Multicomponent crystals for complexed medical implants mediated foreign body response

Though biomedical implants have revolutionized modern medicine and long-term therapies, their potential is significantly limited by foreign body reaction (FBR). During this immune response, many biomedical implants stimulate a fibrosis reaction, which leads to the implant encapsulation and isolation from the physiological microenvironment, impairing the implant efficiency and even causing its failure. Thus, in order to overcome the host response to the implant it is common to systemically administer anti-inflammatory drugs. This administration lacks the localized effect, causing adverse side effects and the weakening of the immune system, hence posing the patient in risk. Therefore, targeting the implanted area with anti-inflammatory drugs is with great interest^1,2.

Most of the localized therapies are carrier-based systems. The carriers are limited with drug loading capacity, so the formed system is mainly composed of the encapsulation materials rather than the drug itself. Also, common drug delivery vehicles such as polymers have been reported to provoke immune responses. Another issue is the difficulty to control the release profile. A carrier-free crystalline-based system holds the potential to overcome these issues, being promising approach: crystalline formulation creates an administration platform for local treatment, that is 100% composed of the drug, without the need of carriers or stabilizers. Second, studies proved that the release profile of crystals can be prolonged up to years and easy to maneuver, enabling a slow and continuous release profile. Finally, crystals are known for their organized and well packed structure. This gives them enhanced chemical and physiological stability property, which makes them an easy product to store with prolonged shelf-life^1,2.

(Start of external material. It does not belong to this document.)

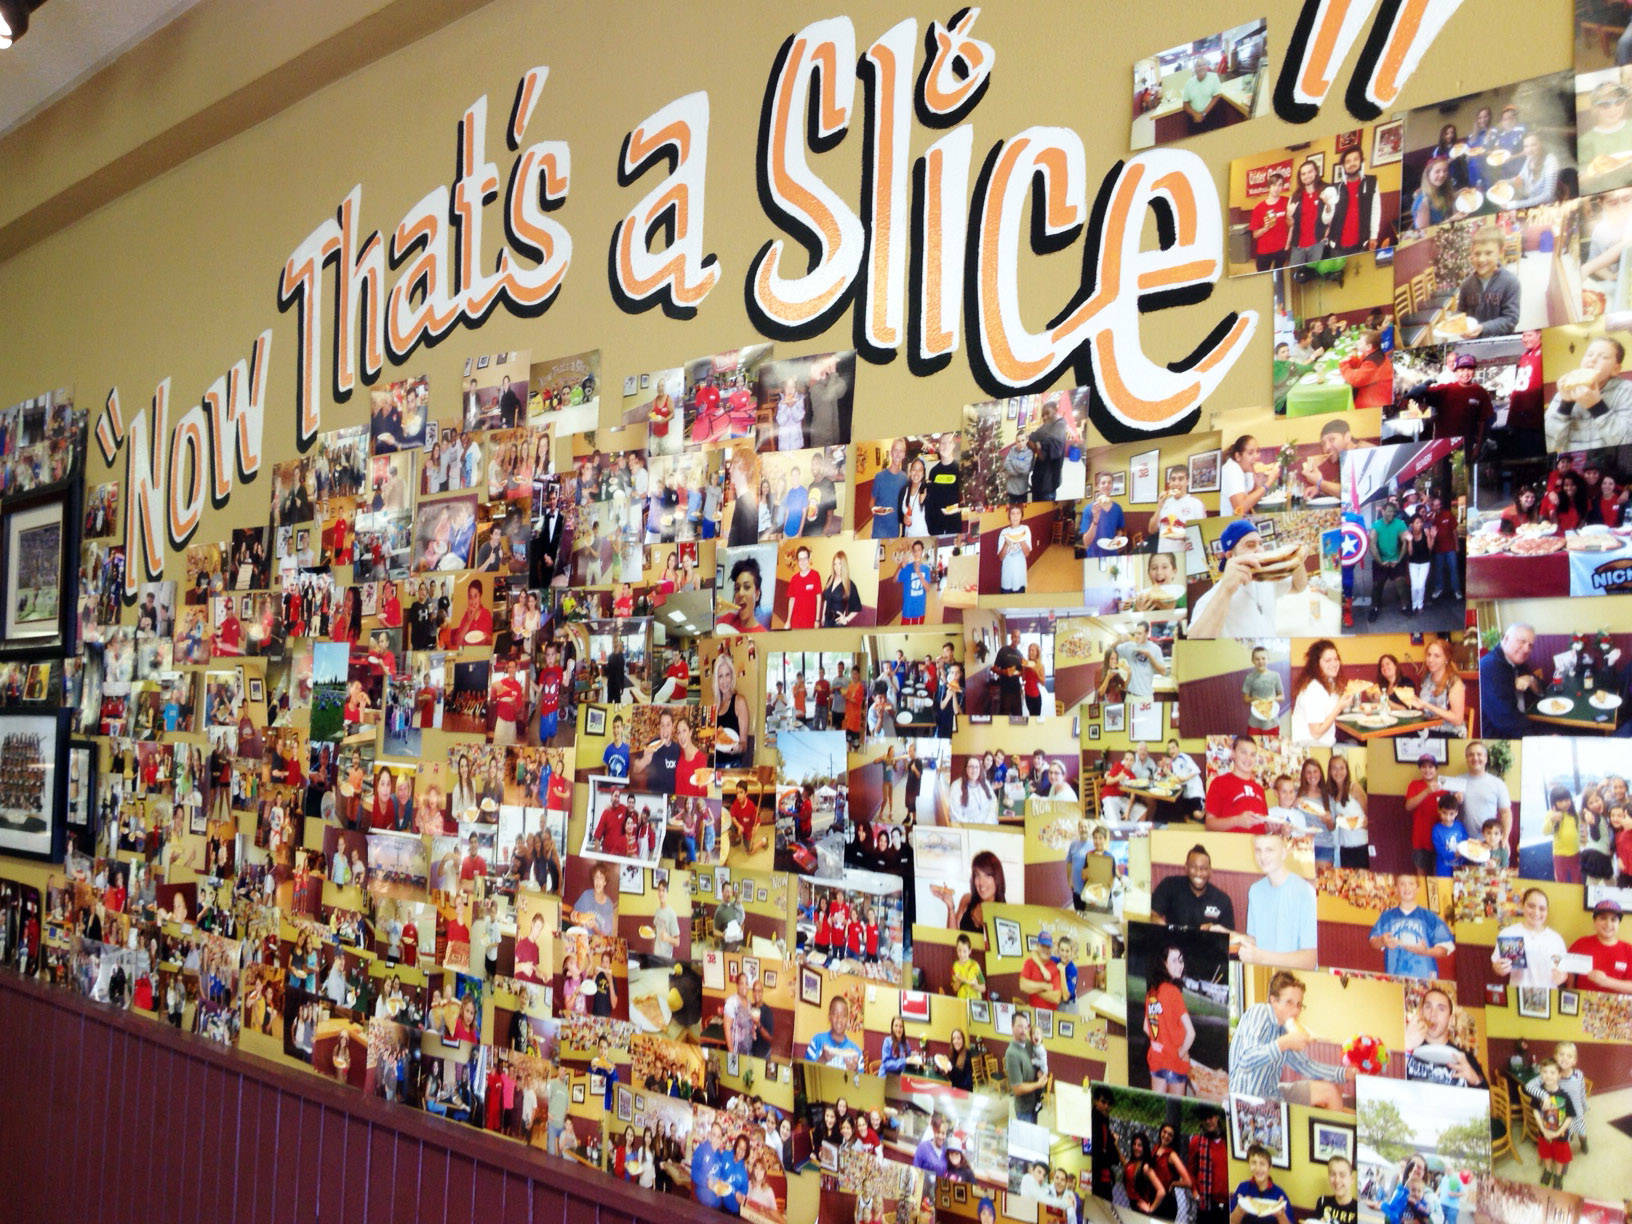 e720d4f2f47e19f2bf1c_A_Slice_of_Life_wall_at_Nicks.jpg

In this work, we developed a multicomponent crystalline formulation of broad-spectrum anti-inflammatory drugs using varied techniques. This innovative method suggests a combined and localized effect for post-implantation treatment. We examined the multi-component crystal`s designing key parameters, stability under accelerated conditions and studied release under physiological condition. Crystals were fully characterized using varied methods for studying structure and drug molecules distribution along the crystalline lattice using SXRD, PXRD and SEM-EDS. Analysis indicated that the multicomponent crystals are stable and controllable, therefore they are a promising approach for slow-multi drug release treatment applications.

References:

[1] N. Kutner et al., Adv. Funct. Mater. 2021, 2010929, 1.

[2] S. Farah et al., Nat. Mater. 2019, 18, 892.